Телефон продолжал надрываться. Опередив Хилари, Тони схватил трубку.

– Алло?

Ему не ответили.

– Резиденция мисс Томас слушает. У телефона детектив Клеменца.

Щелк!

Тони положил трубку на рычаг.

– Отключился. Должно быть, я его здорово напугал. Надеюсь, он больше не станет вас беспокоить. Но все равно это хорошая идея – насчет нового номера. Утром я позвоню на телефонную станцию и попрошу это ускорить.

– Спасибо, Тони.

Хилари обхватила руками плечи. Ее знобило.
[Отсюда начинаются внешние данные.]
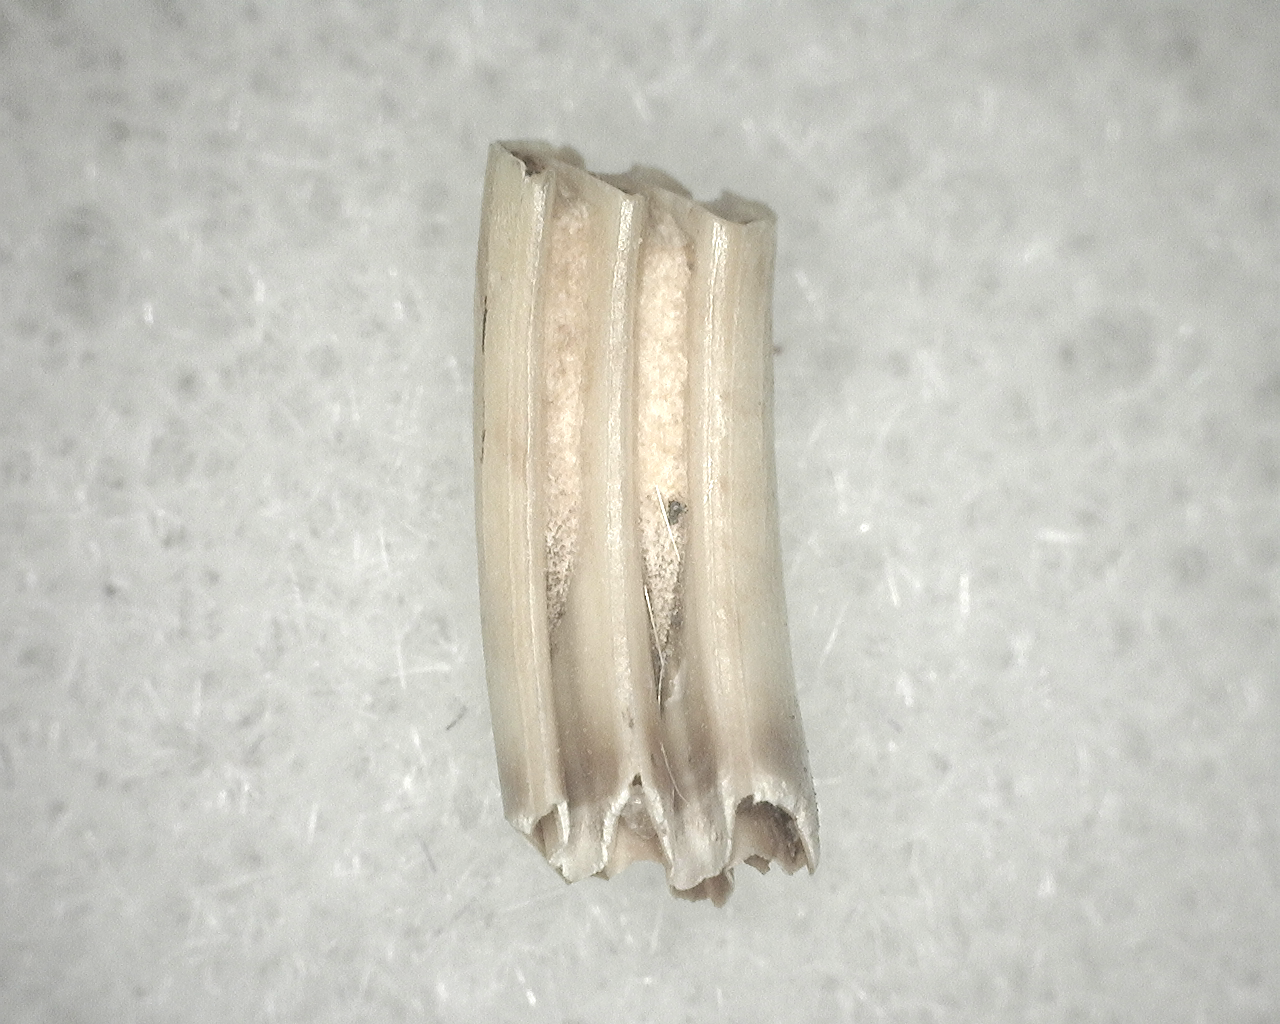 Genuine Fossil Pleistocene Neofiber Muskrat Tooth for Sale From Florida #12b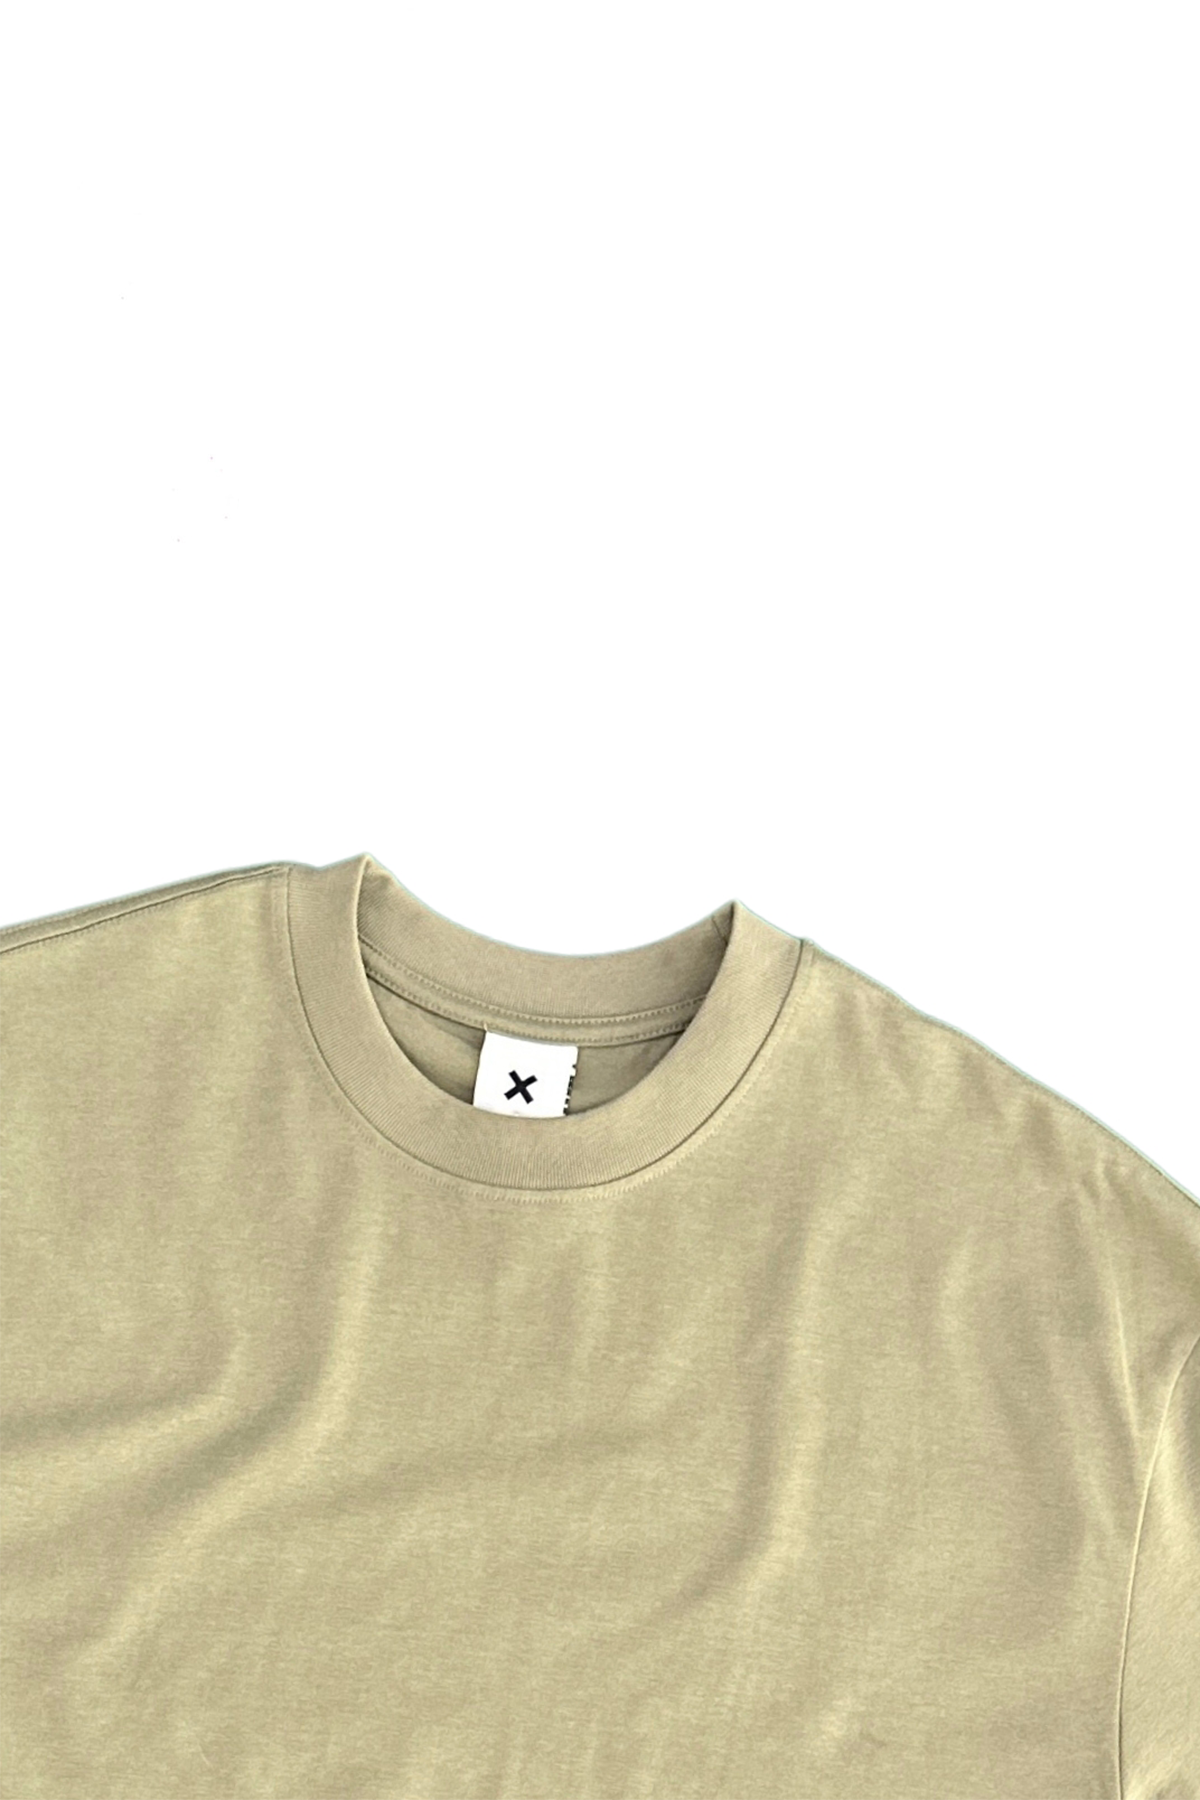 Oversized-Crew-Neck-T-shirt-Unisex-grey-front-closeup

– Не думайте об этом. Опыт показывает, что маньяки, угрожающие по телефону, таким образом расходуют весь запас агрессивности. Обычно они не способны к насилию.

– Обычно?

– Практически никогда.

Хилари жалко улыбнулась. Этот чертов звонок разрушил очарование. Ей больше не хотелось соблазнять Тони, и он это почувствовал.

– Наверное, мне пора.

– Да, уже поздно.

– Спасибо за коньяк.

– Спасибо за чудесный вечер.

У двери Тони спросил:

– Вы свободны завтра вечером?

Хилари собралась было ответить «нет», но вспомнила о словах Уолли Топелиса и о том, как чудесно было сидеть рядом с Тони на диване, и улыбнулась.

– Свободна.

– Куда бы вам хотелось отправиться?

– На ваше усмотрение.

Тони задумался. Потом сказал:

– Что, если начать прямо с обеда? Я заеду в полдень?

– Буду ждать.

Он нежно поцеловал ее в губы.

– До завтра.

– До завтра.

Хилари проводила Тони взглядом и заперла дверь.

* * *

В воскресенье, в десять часов утра, когда Тони пил на кухне грейпфрутовый сок, позвонила Дженет Ямада, та самая женщина, которая накануне встречалась с Фрэнком.

– Ну и как оно? – поинтересовался Тони.

– Изумительно! Просто изумительно!

– Серьезно?

– Он такой душка!

– Фрэнк душка?!

– Ты предупреждал, что он замкнутый, трудный в общении. Но это совсем не так.

– Правда?

– Он настоящий романтик.

– Фрэнк?!

– Кто же еще? В наше время найдется не так уж много мужчин – настоящих рыцарей. А Фрэнк еще помогает даме надеть пальто и пропускает в дверь. Он преподнес мне букет роз – они восхитительны.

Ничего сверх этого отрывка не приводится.